The owner of the US-based annoy.com public access Web site went to court last week to defend the right to express indecent speech by asking for the remaining sections of the Communications Decency Act (CDA) to be overturned.

San Francisco-based Apollo Media began its campaign in January by issuing a lawsuit against US attorney general Janet Reno as part of a challenge against a section of the CDA.

The clause in question imposes fines or a two-year prison term on anyone who transmits a comment or image 'which is obscene, lewd, lascivious, filthy, or indecent, with intent to annoy, abuse, threaten or harass another person'.

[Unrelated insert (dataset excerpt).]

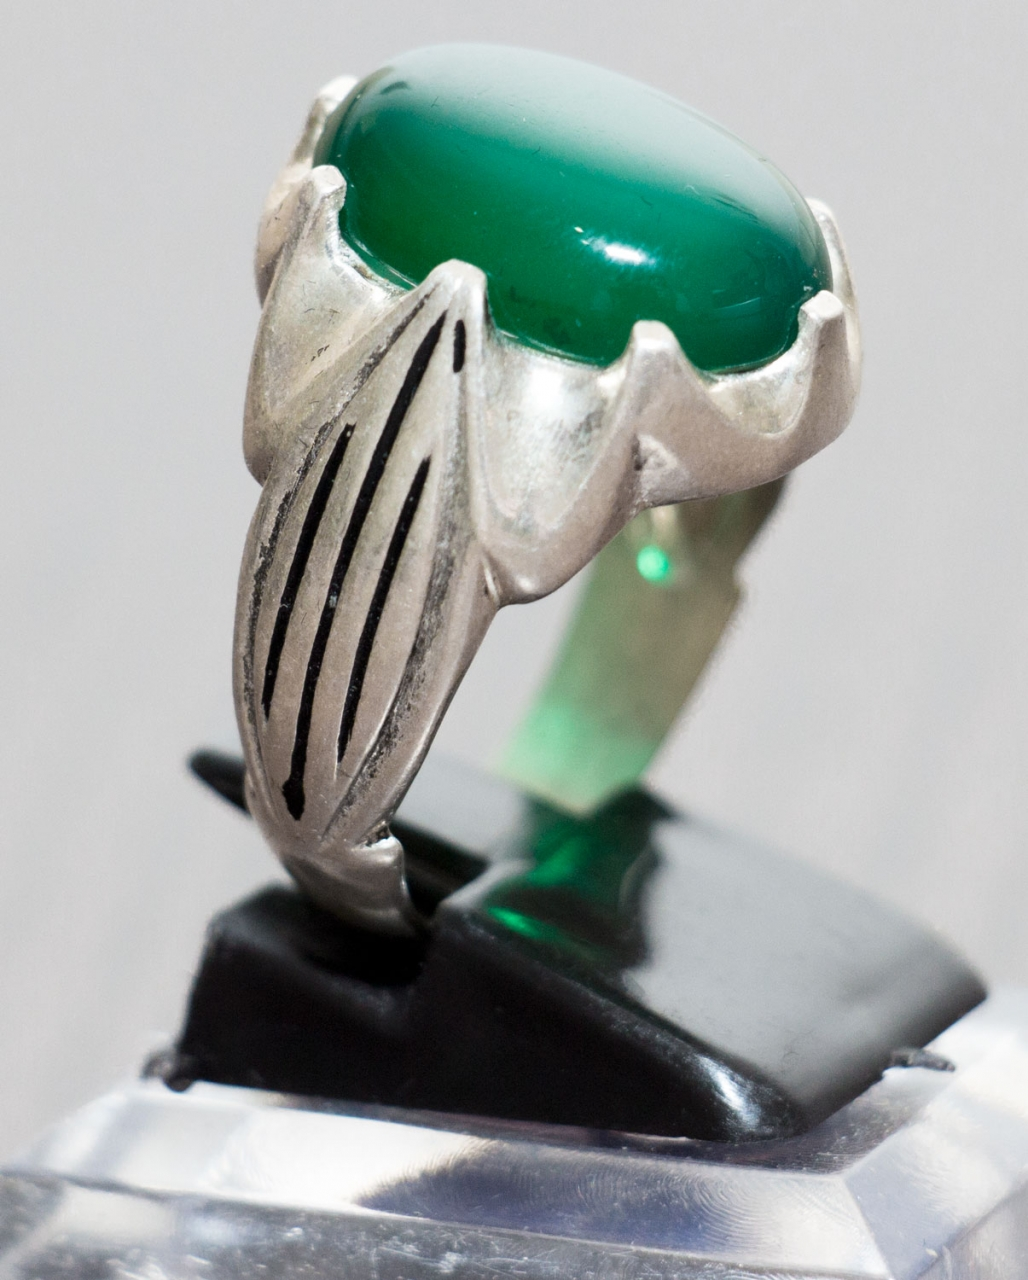 Aqiq Khorasani Grün - ovale Form in Silberfassung

Earlier this year, the US Supreme Court ruled that parts of the CDA were unconstitutional - citing the sections that imposed stiff penalties on internet pornographers. But other sections of the CDA survived, including one that makes it illegal to transmit indecent material 'with intent to annoy'.

The annoy.com Web site allows visitors to send electronic mail anonymously to various public officials and public figures. By Apollo Media's own admission, the site contains 'some material of social or political value that is sexually explicit or uses vulgar language that some persons in some communities might consider indecent'.

William Bennett Turner of Rogers Joseph O'Donnell & Quinn - one of the First Amendment experts representing Apollo Media - told the court: 'The government's nosing around in Apollo Media's business - demanding to know, for example, how its online speech has been chilled - is totally unnecessary.

'The CDA annoy provision is unconstitutional.'

A representative of the Justice Department, the official body responsible for the CDA, said that the remit of the section did not apply to firms like Apollo Media - only to obscene communications. He added that the surviving parts of the CDA simply tackle the issue of personal harassment in the digital age.